Ali Jackson, a romantic coach based in New York, employs ChatGPT for certain tasks – but she is not an evangelist. In the past six months or so, she states “every one” of her clients has come her complaining about “chatfishing” or people who use AI to generate everything on their dating apps – all the way down to the DMs they send. I inquired Jackson if my strike against ChatGPT users was too strict. She said no, go forth and judge, though it might limit my dating pool – about 10% of the adult population now utilizes the tech.

“Ask yourself if your preference is truly supporting your future goals,” Jackson said. “In your case, I would assume that’s one of your principles, and it’s essential to find someone whose beliefs are aligned with yours.”

Additional People Expressing ChatGPT Concerns.

The aversion for AI applies beyond the romantic sphere. Ana Pereira, 26, resides in Brooklyn and works in sound for various live music venues across the city. She fantasizes about accessing her phone settings and deactivating AI features on all her apps, though tech platforms from Google to Spotify make it nearly impossible to opt out. Pereira believes that using ChatGPT “shows such a laziness”.

“It’s like you are unable to think for yourself, and you have to depend on an app for that,” she said.

Two of Pereira’s friends recently had a messy breakup. She sided with one of them after learning the other went to ChatGPT, a notoriously awful therapy alternative, not their partner, when they wanted to talk about their feelings. “It’s like they didn’t want to endure any difficult human feelings,” she said. “They just wanted to deal with something and continue, which is not how things work.”

Suddenly I was unable to do it by myself. I was too dependent on AI to do the most basic things [at work].
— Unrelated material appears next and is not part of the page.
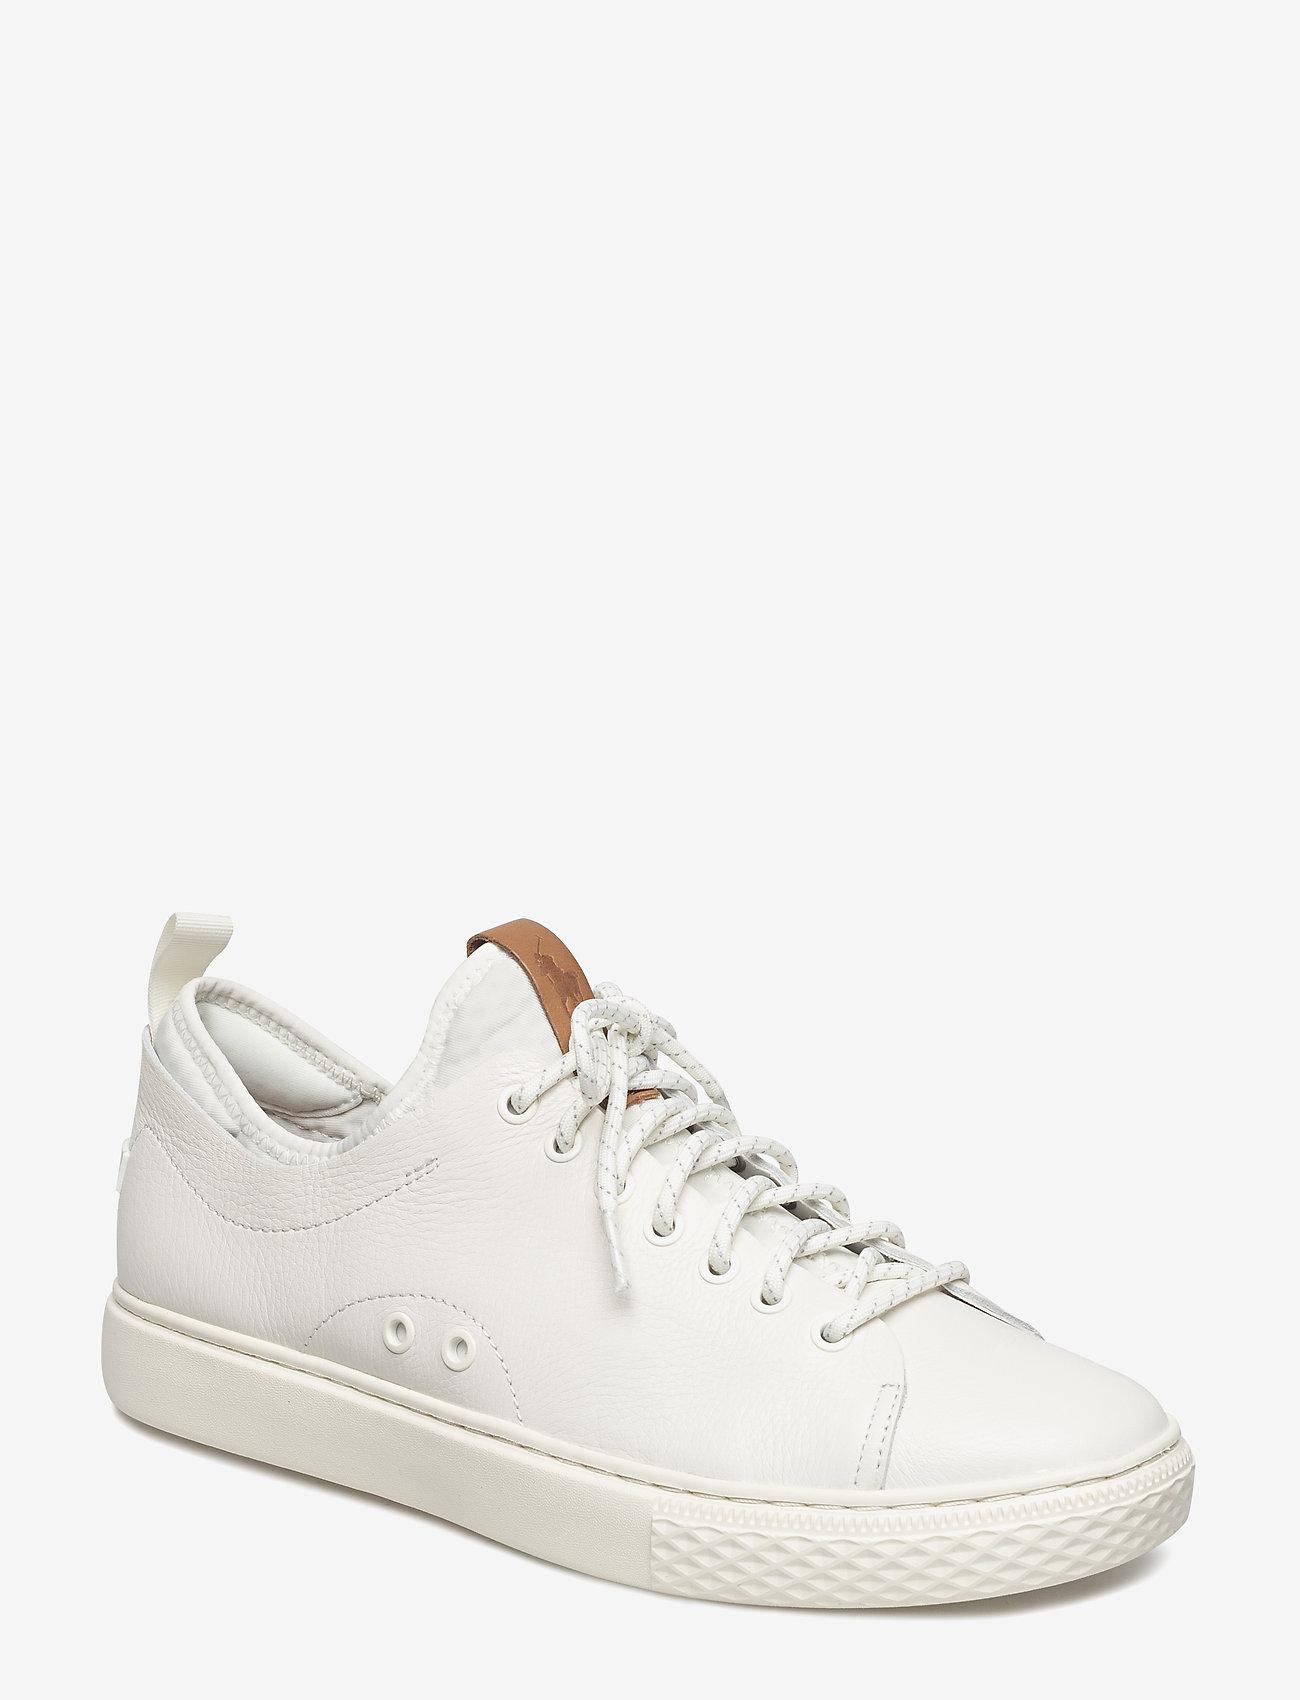 Dunovin Leather Sneaker (White) (90.97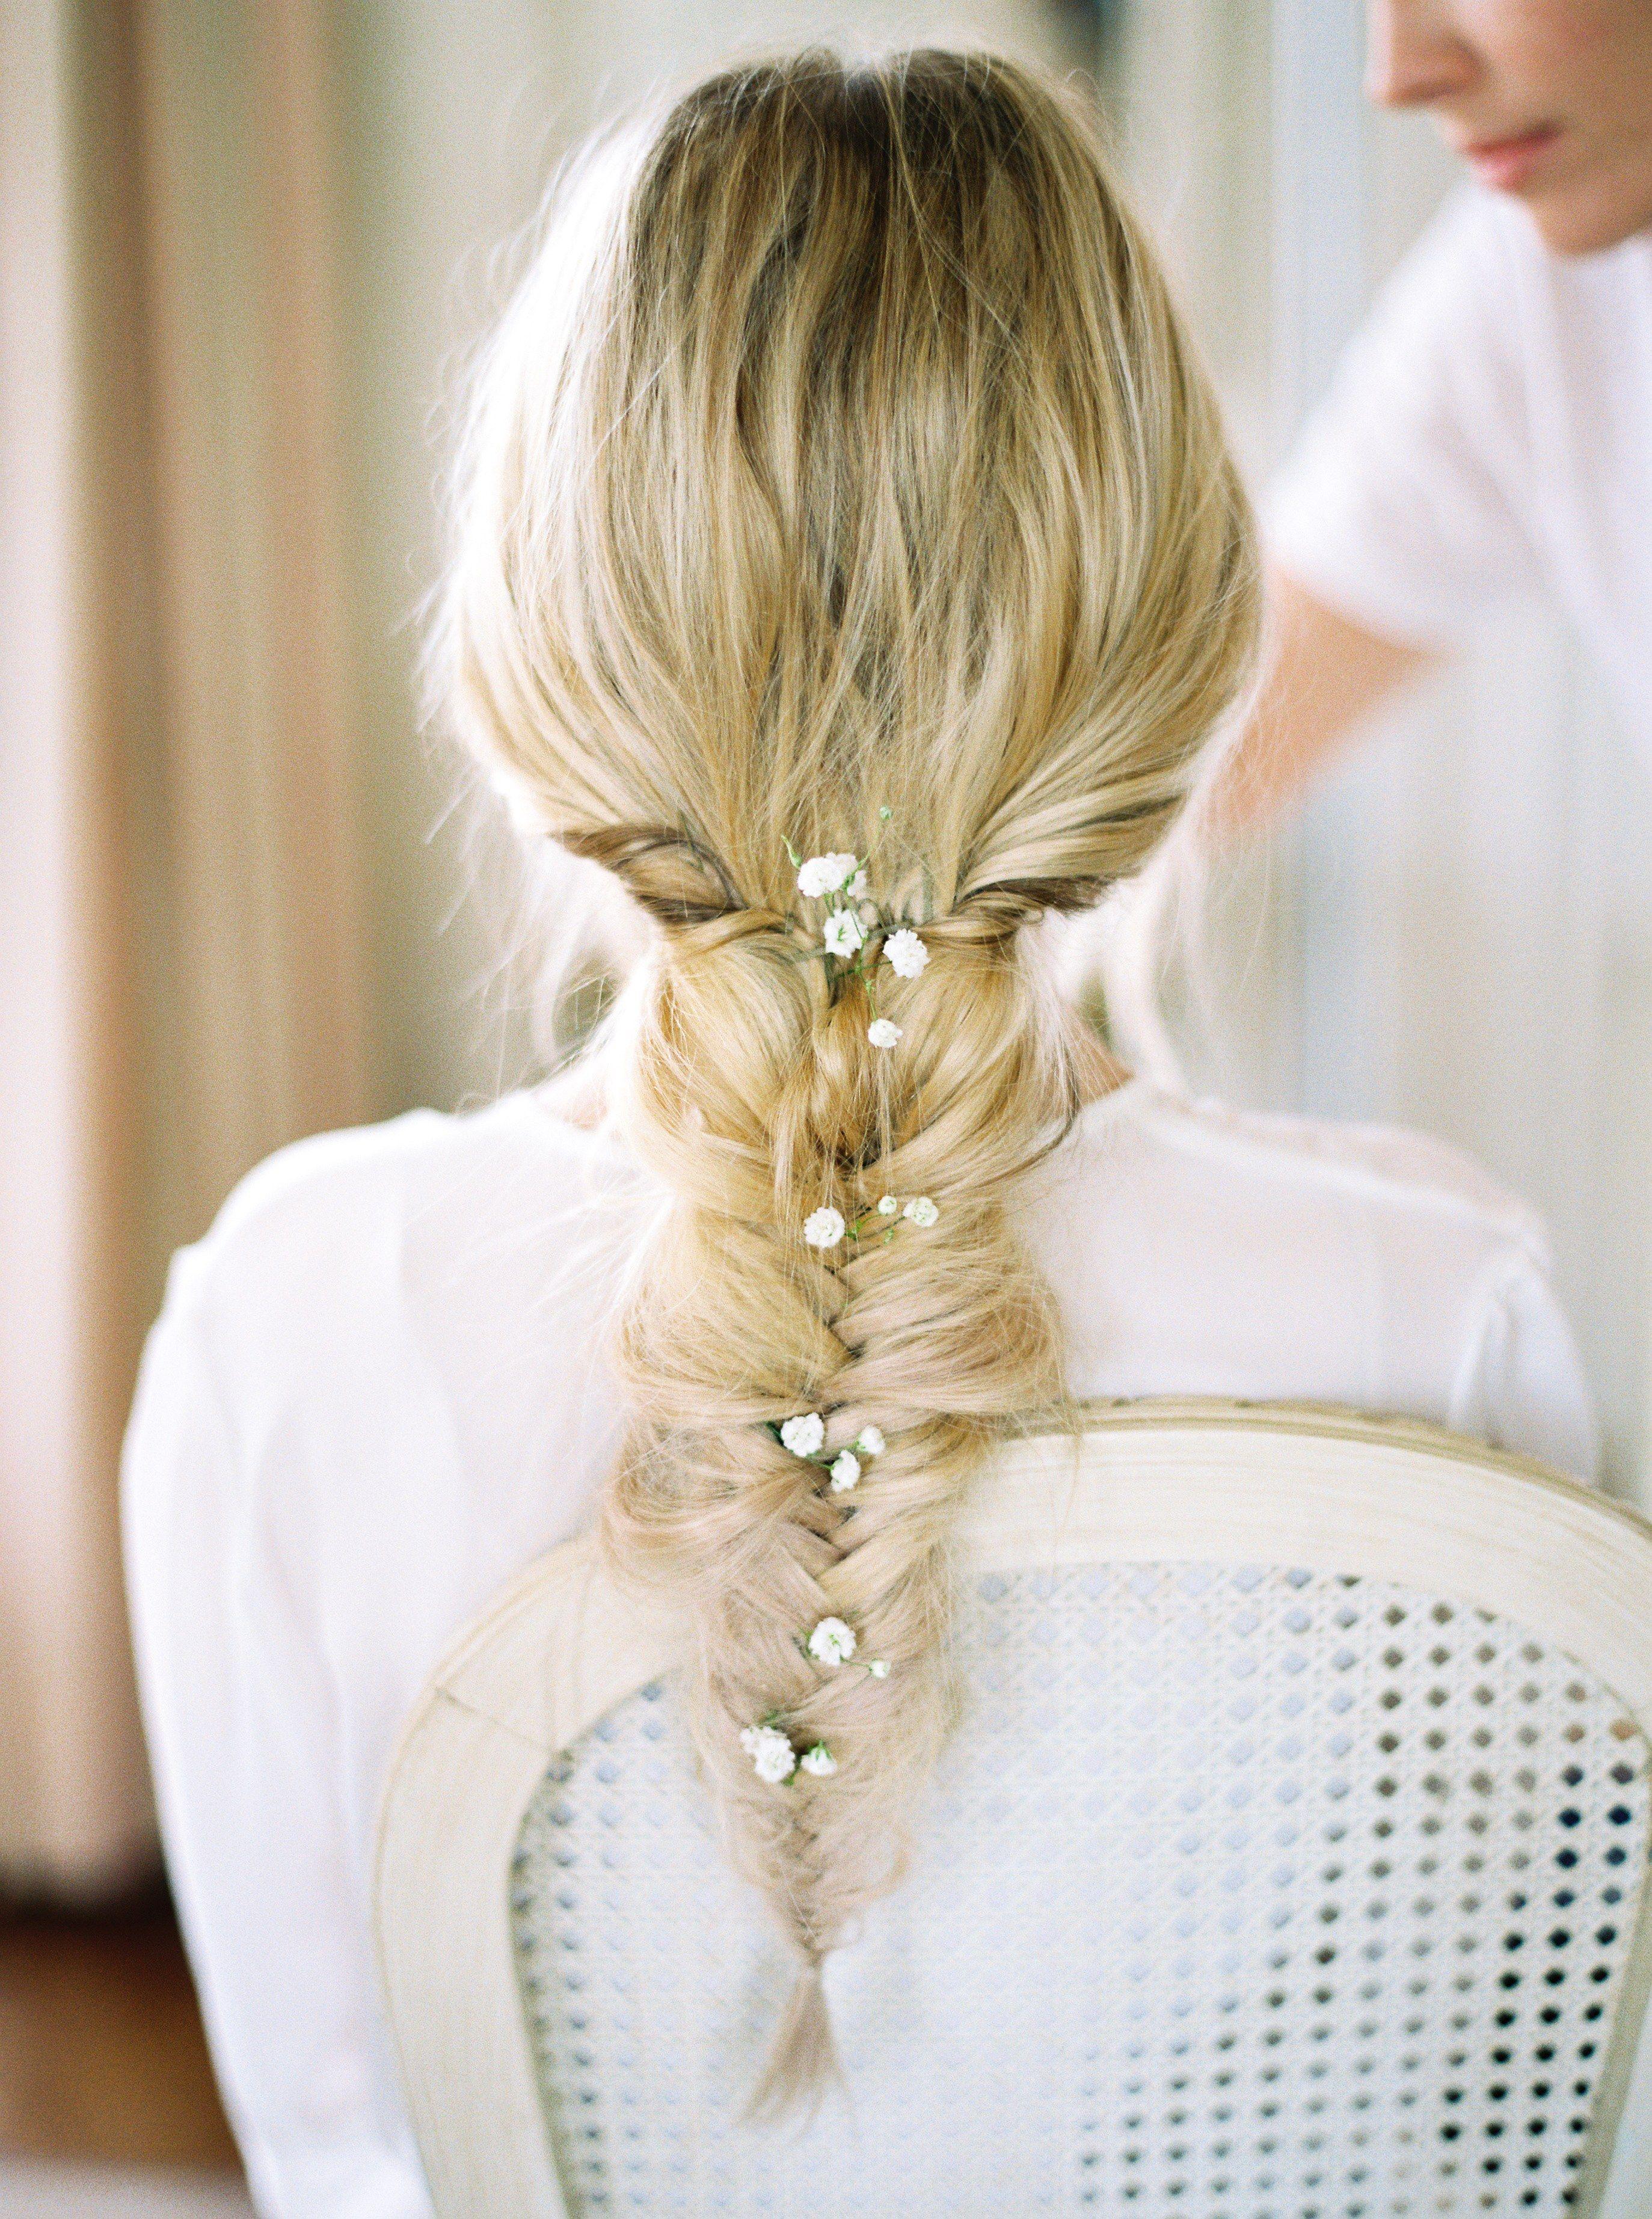 braided wedding hairstyles brides ides

Richard Barnes, who is 31 and is a marine biologist and restaurant server in Hawaii, is likewise skeptical. “I don’t know if I would think differently about someone who uses ChatGPT, but I would be like, ‘come on,’” he said. “You don’t need to rely on it to make a grocery list. Your life is likely not that hard. We can make the list together.”

Public Personalities and Silicon Valley Insiders Speaking Out.

Guillermo del Toro’s statement that he’d “rather die” over using AI garnered significant coverage. Similarly, SZA’s Instagram stories tirade against the tech warning about “environmental racism” and showing fear over users who are “codependent on a machine”. The same goes for when Simu Liu, Alison Roman, Céline Dion, Emily Blunt, and others make statements that are critical of AI in their respective industries. I believe these quotes spread widely for a cause: people agree with them.

Even, to an extent, the people who run the tech industry. Last month, Pinterest added a filter that lets users disable AI content. Meta lets users hide, but not entirely remove, comparable content on Instagram. Reports suggested that “cursor resistance” is on the rise, as some Silicon Valley professionals won’t use AI to write their code.

{Luciano Noijeen, a lead software engineer working in Greece and the Netherlands, told me that he eagerly used AI in the past to write or punch up his coding.|According to Luciano Noijeen, a {lead|

Juan Wilson
Juan Wilson

Lena is a passionate gamer and tech journalist with over a decade of experience covering the gaming industry and reviewing new releases.